Consider one of the regions bounded only by functions $f(x)=\sin(x)$ and $g(x)=\cos(x)$ (say from $x=\frac\pi4$ to $x=\frac{5\pi}4$) Now if that region were to revolve around the $x$ axis, what would be the volume of the resulting shape.
Now, if you consider the region first, it intersects the $x$-axis. Which means that when it gets revolved, some parts are going to be encapsulated twice. To avoid that I tried to divide the region into four sub-regions. Since the shape is symmetric, it seems sufficient to calculate the volume of the first two regions then multiply the answer by $2$.

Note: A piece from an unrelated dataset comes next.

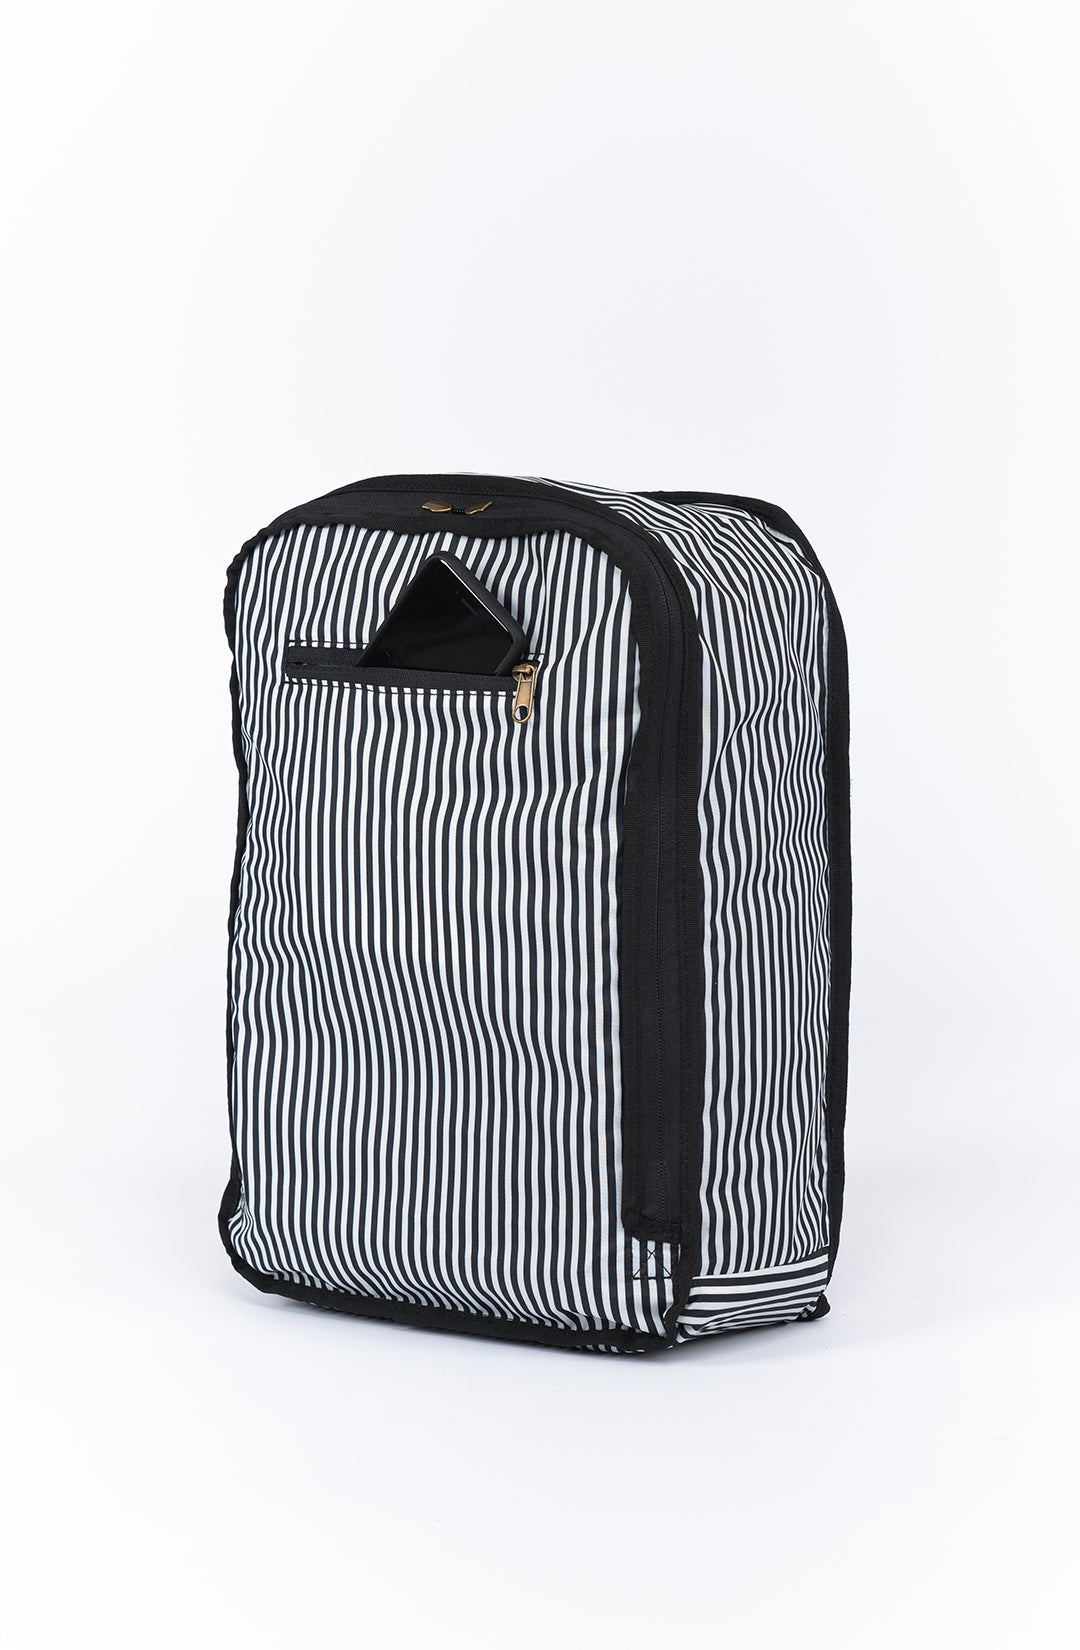 Elkin Diaper Bag Backpack (Black)

The first region is simple, it can be done by the washer method. The top part is $f(x)$ which is $\sin(x)$ and the bottom part is $g(x)$ which is $\cos(x)$. This gives us the volume by the following integral:
$$\pi\int_{\pi/4}^{\pi/2} \sin^2(x)-\cos^2(x)\ {dx} =\frac{\pi}{2}$$
Now the second region, since in the second region $\sin x$ is strictly bigger than $\cos(x)$. It seems to me that the revolution of $\cos x$ is going to be entirely encapsulated in the revolution of $\sin x$, so it can be ignored. This means that the significant region can be calculated by the disk method. This gives us the volume by the following integral:
$$\pi\int_{\pi/2}^{3\pi/4}{\sin^2(x)}\ {dx} =\frac{\pi^2}{8}+\frac{\pi}{4}$$
The total volume should be equal to double the sum of the previous two volumes, which should equal to: $$2\left(\frac{\pi}{2}+\frac{\pi^2}{8}+\frac{\pi}{4}\right)=\frac{\pi}{4}(6+\pi)$$
Is that the correct approach to that problem? The answer I got doesn't seem to agree with the answer I got from Wolfram Alpha.